At a congressional hearing earlier this year, FBI Director Chris Wray claimed that the government’s contacts with NSO were part of a “counterintelligence” operation, implying that the FBI never actually intended to use the spyware tool. Officials made it sound like they were investigating how such tools could be used by bad actors, but seemed to imply they had no interest in using them themselves. During another meeting, Wray similarly told congressional leaders that the bureau’s interest in NSO’s tools would allow the government “to be able to figure out how bad guys might use them, for example.”

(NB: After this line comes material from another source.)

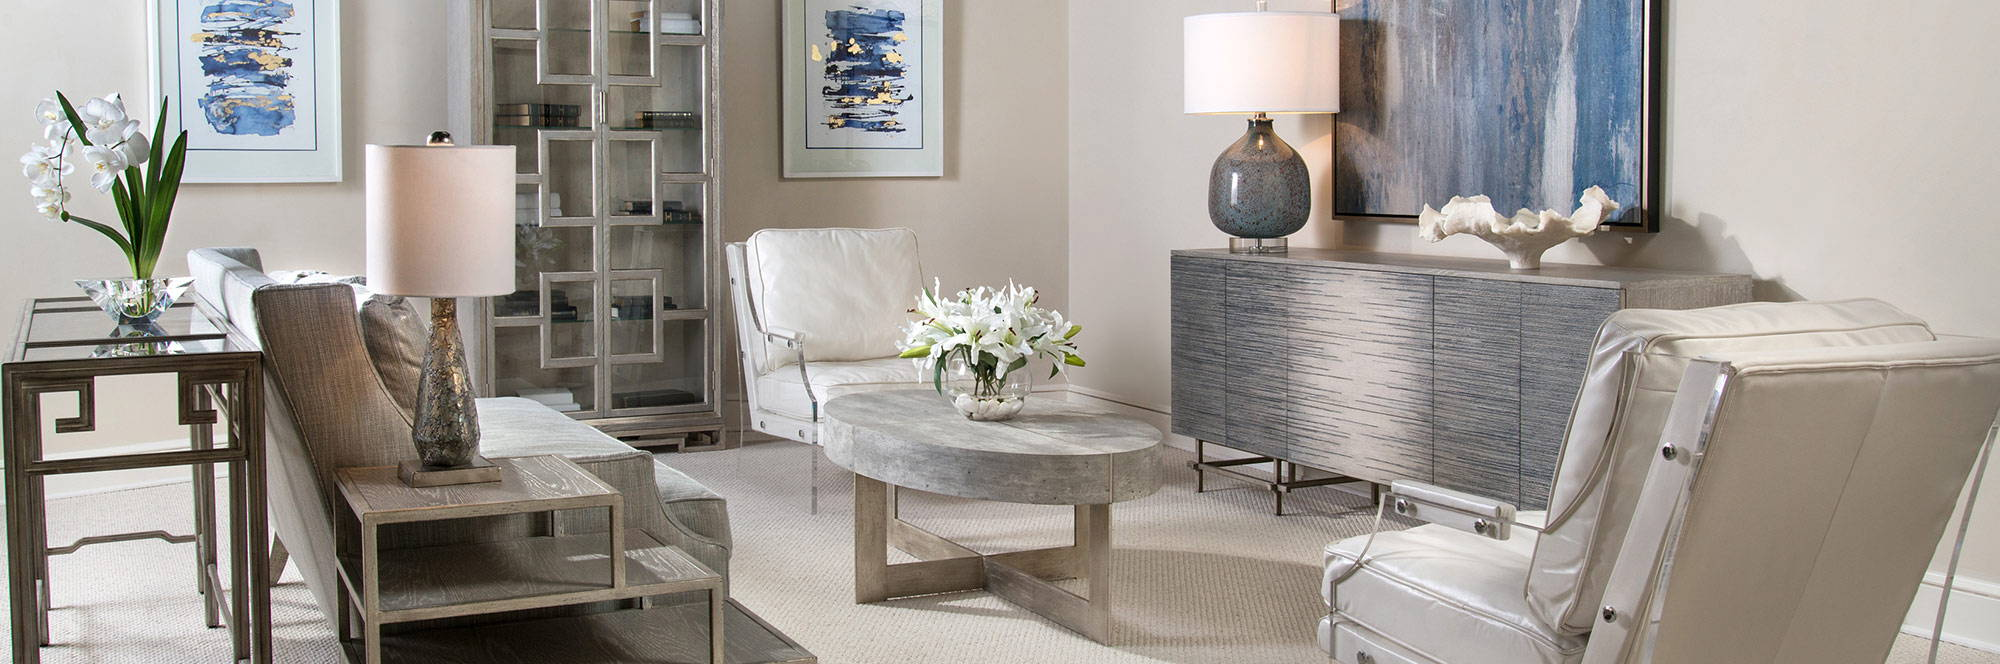 John-Richard Furniture & Home Accessories - Living Room Scheme - LuxDeco.com

However, new documents uncovered by the Times appear to indicate that the government was keen to use the tools for its own criminal investigations. The documents, retrieved about a Freedom of Information Act lawsuit, include a series of internal FBI PowerPoint presentations created in 2020 and 2021 that discuss how the FBI is using the hacking tools could. Among other things, the bureau’s criminal investigation department produced a 25-page memorandum that included “recommendations” for the use of NSO’s products “under certain specific conditions,” as well as proposed guidelines for prosecutors across the country on how to conduct the criminal exposure process for cases in which the tool is involved. The criminal investigation department also prepared a document for Wray on the possible use of the tool. The Times reports:

The internal FBI documents and legal briefs filed on behalf of the FBI provide the most complete picture yet of the FBI’s interest in providing Pegasus. Although heavily redacted, the internal documents show that from late 2020 through the summer of 2021, the FBI had shown a growing interest in potentially using Pegasus to hack the phones of FBI targets in criminal investigations.

Gizmodo has reached out to the Justice Department for comment and will update this story when the agency responds.

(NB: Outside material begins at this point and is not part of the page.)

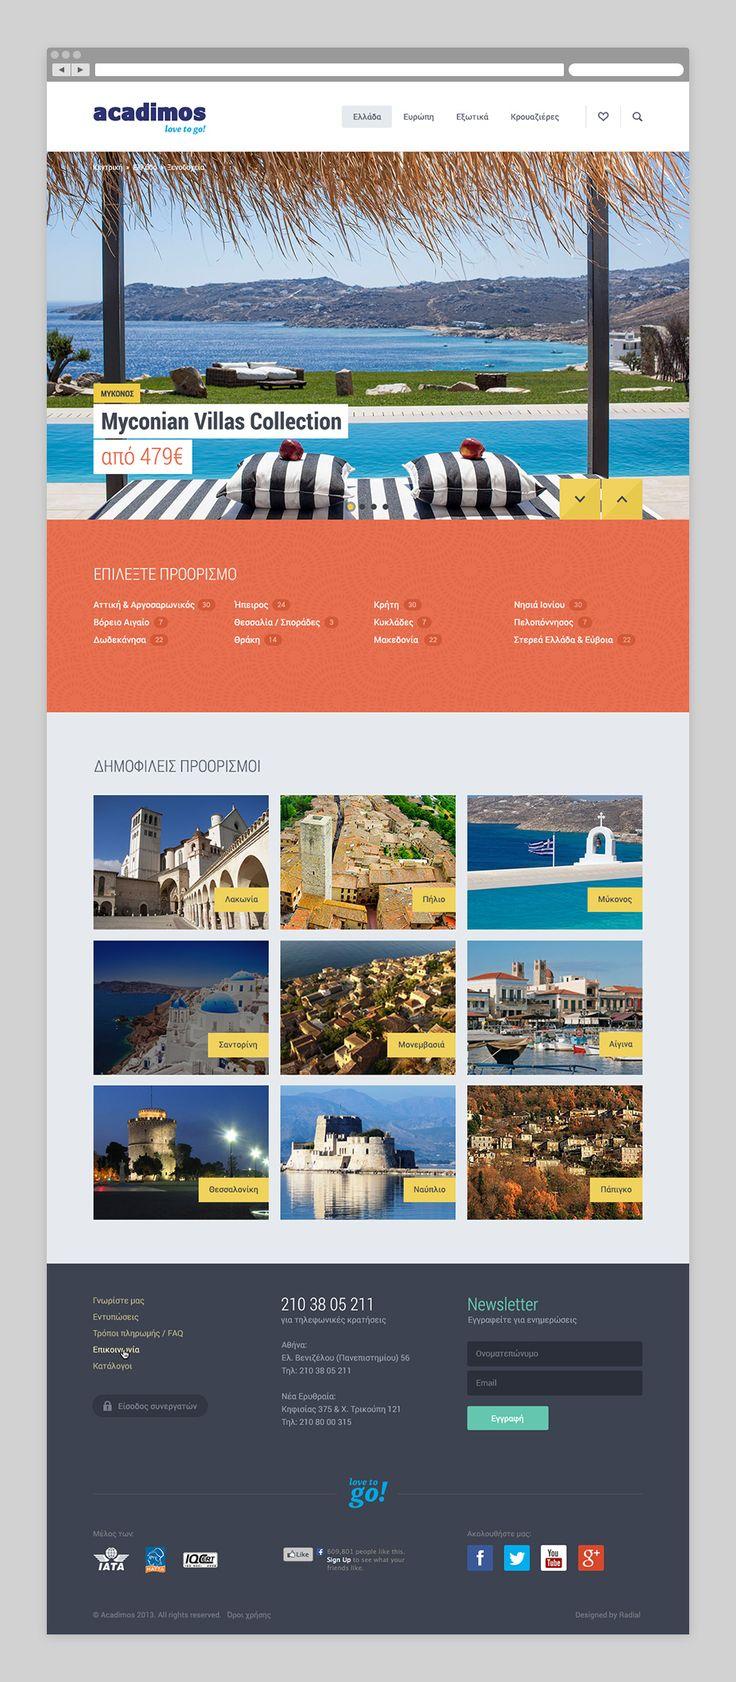 Acadimos Travel | Radial

It had previously been reported that the government had spent almost two years considering whether it could legally deploy the surveillance product without violating US legal and constitutional restrictions. However, the NSO controversy reached a climax in the middle of last summer with the publication of the “Pegasus Project,” a journalistic exposé detailing how NSO’s tools have been misused by foreign governments to recruit journalists, activists, human rights advocates, politicians and many others other. Shortly after the NSO controversy erupted, the FBI apparently abandoned its quest to use the company’s products.

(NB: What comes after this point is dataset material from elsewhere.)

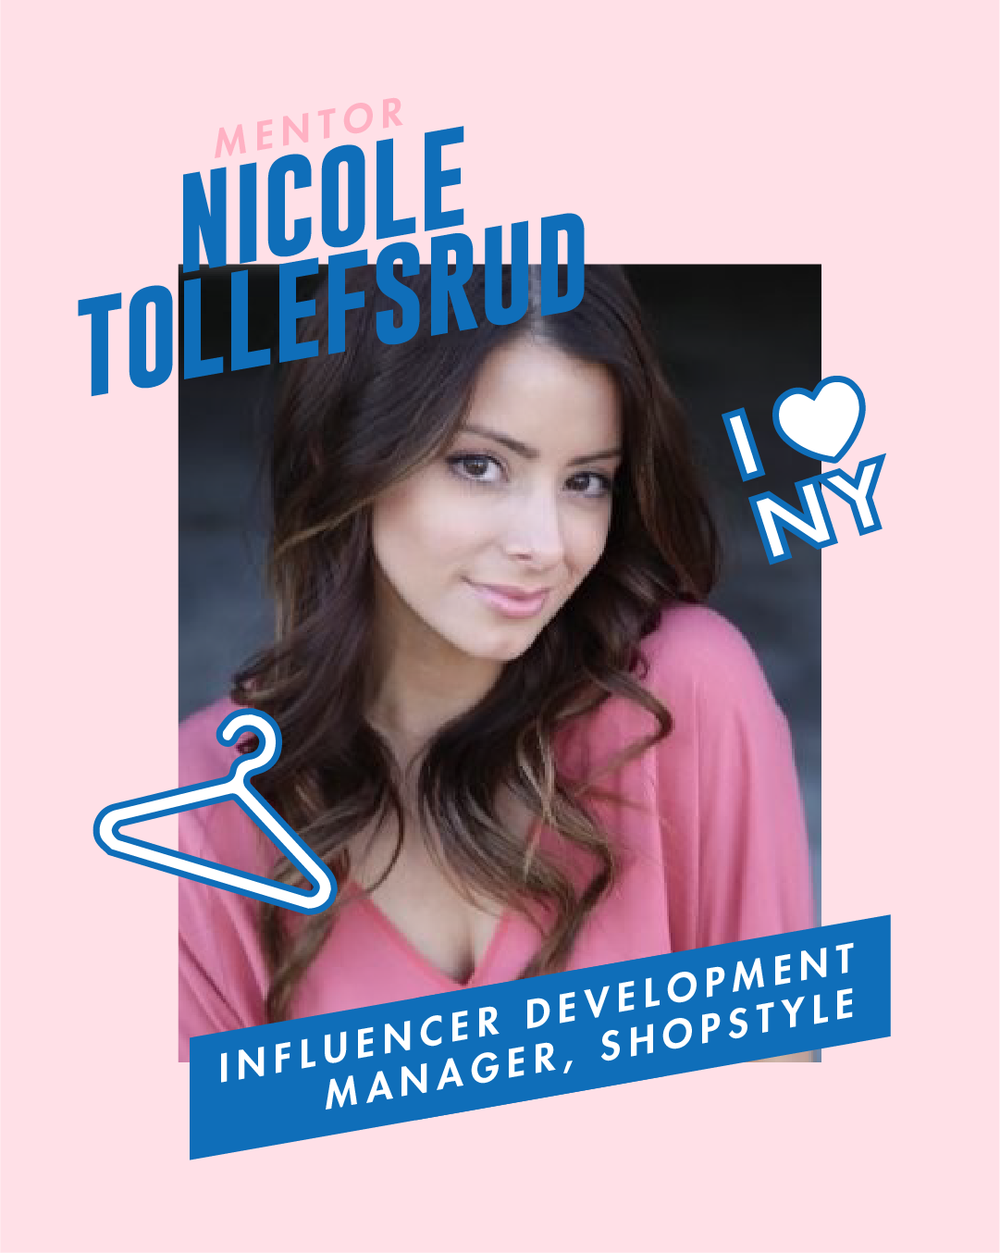 CCNYC_Speaker_NicoleTollefsrud.png

Since then, NSO has been fighting for survival. Not long after the deal with the FBI fell through, the US blacklisted NSO by placing it on the Commerce Department’s “Entity List” — a list of foreign companies deemed to be operating “contrary” to America’s national security interests became. Inclusion on the list comes with severe trade restrictions and reduces the ability of American companies to provide parts and services to listed companies. Cut off from inflows of investments and critical assets, NSO is struggling financially. A deal by defense giant L3Harris Technologies to acquire the spyware vendor fell through this summer after the Biden administration opposed it.